Andy is open and honest about his struggles raising his kids, and dealing with their grief and his own following the death of his wife, Laura, from breast cancer. He shares much of this on his website, Thirty Seconds, which I encourage you all to check out.
I know that Andy has put a lot of thought and care into writing this post, which is reflected in the heart-felt message he has for all of you who will read his words today.
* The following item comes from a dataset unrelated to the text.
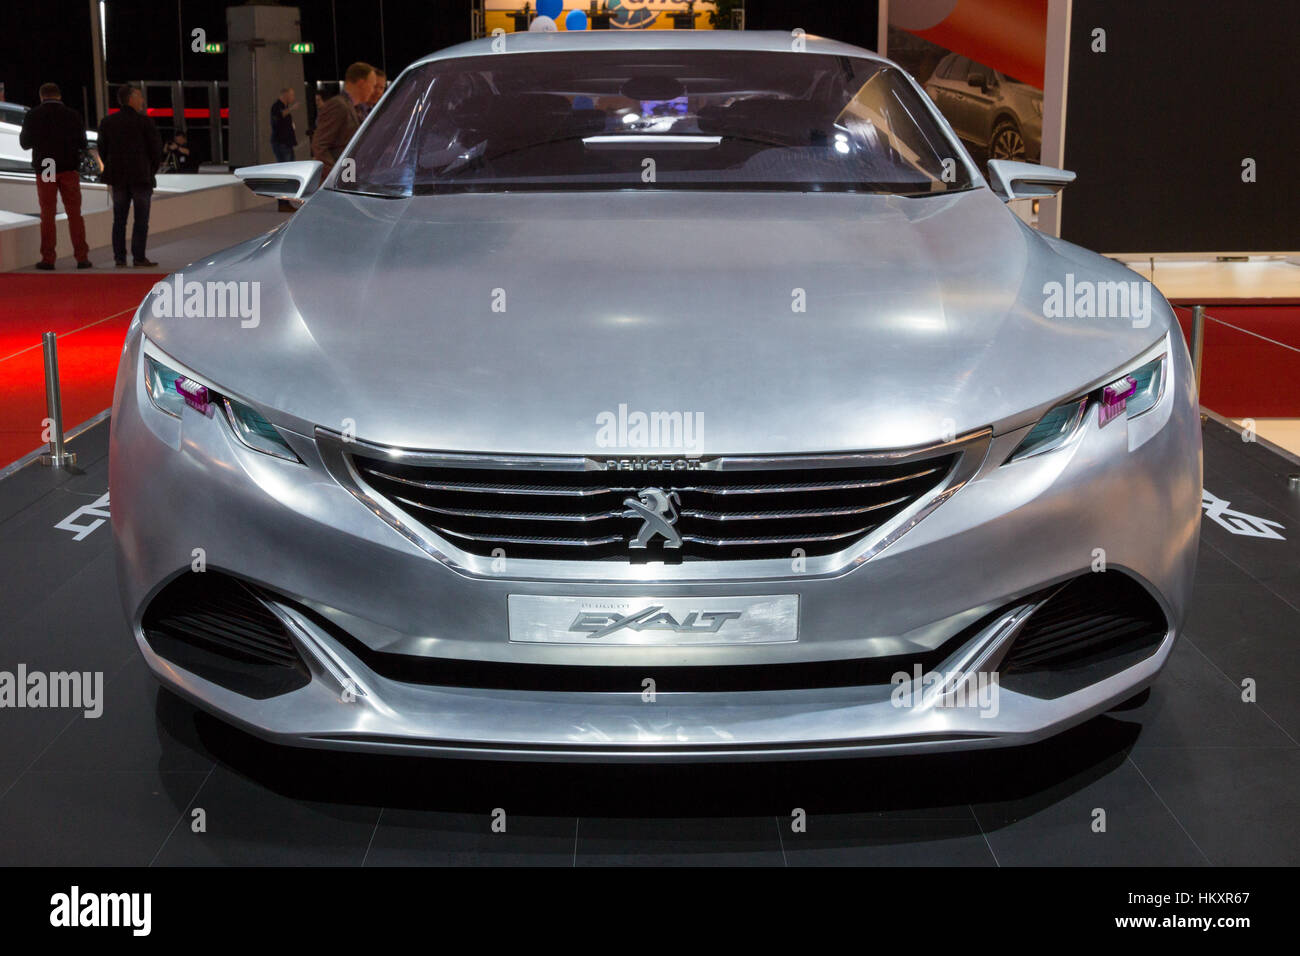 AMSTERDAM - 16. April 2015: Peugeot Exhalt Concept Car auf der AutoRAI 2015. Stockfoto
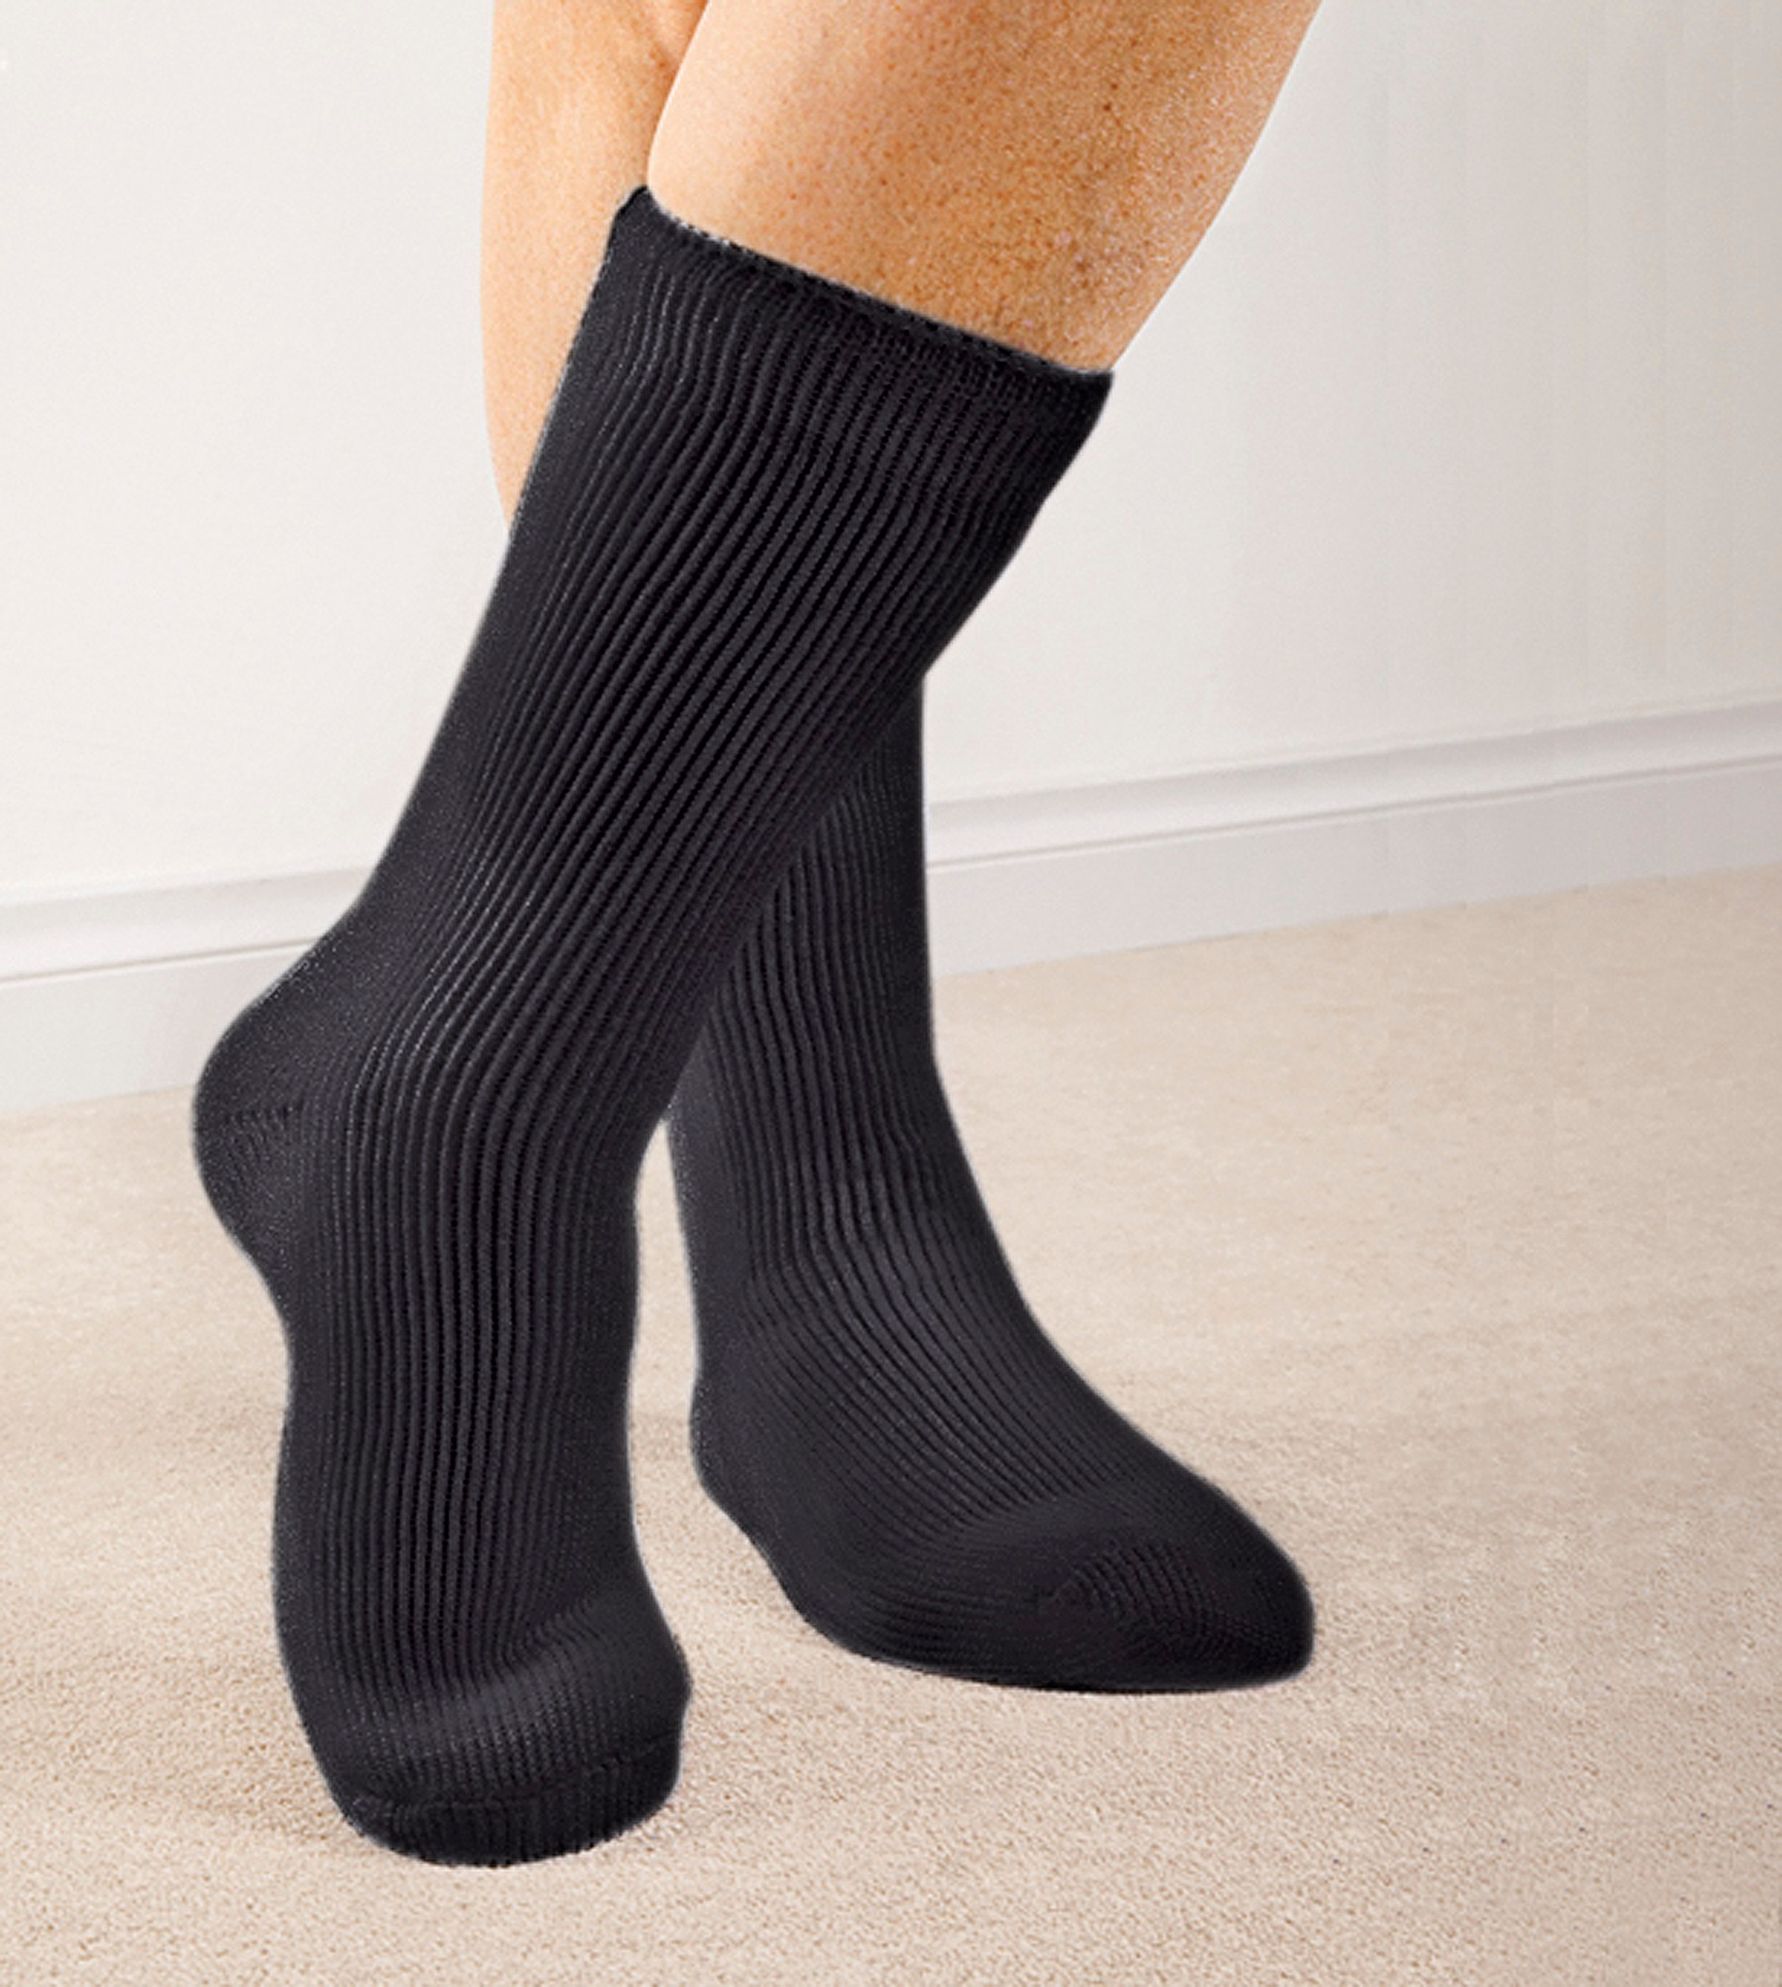 Wärmespeichernde Socken Herren, schwarz, 2 Paar, Größe: 41-45 | Weltbild.de

What can I say to an audience of breast cancer survivors as a man who lost his wife to this disease? I’ve started and stopped this post countless times because there is almost too much to say…but really…there is little to say that you haven’t already heard or thought about or experienced already. Really this is going to be a jumble of thoughts from a guy who can normally string together a pretty compelling argument…but the subject matter brings up a jumble of emotions and so I’ll ask you to bear with me.
I am stumbling because I want to be deep…or wise…or something like that. I’m not any of those things so I’ll just say what I want to say:
This cancer fight…this battle…this bullshit that you’re going through…well…it is hard on us(your partners) too.
I feel almost stupid saying this because you’re the ones that have to face all the physical trauma’s that come with cancer treatments…not to mention the intense emotional strain. Still…there is an indescribable helplessness that walks with us as we walk with you. It sleeps with us…lives with us…pushes us against the wall and whispers, “She has cancer…and there isn’t a damn thing you can do about it.” It’s cruel…and emasculating…and I hated it. (Still do…)
It is that helplessness that messes with us…your partners…the ones who promised to take care of you. Maybe it was worse for me because I’m a guy…I can’t say if that’s true for everyone…but it’s definitely how I felt. I wanted to do something…anything…to take the sickness from her and make it all better. I wanted her to be able to exist without the fear that lived in our house with me and my family. He/she/it came out of nowhere and raped her…and all I could do was watch and beg the universe to make it stop because she didn’t do anything to deserve the hand she was dealt. It killed me. It really did.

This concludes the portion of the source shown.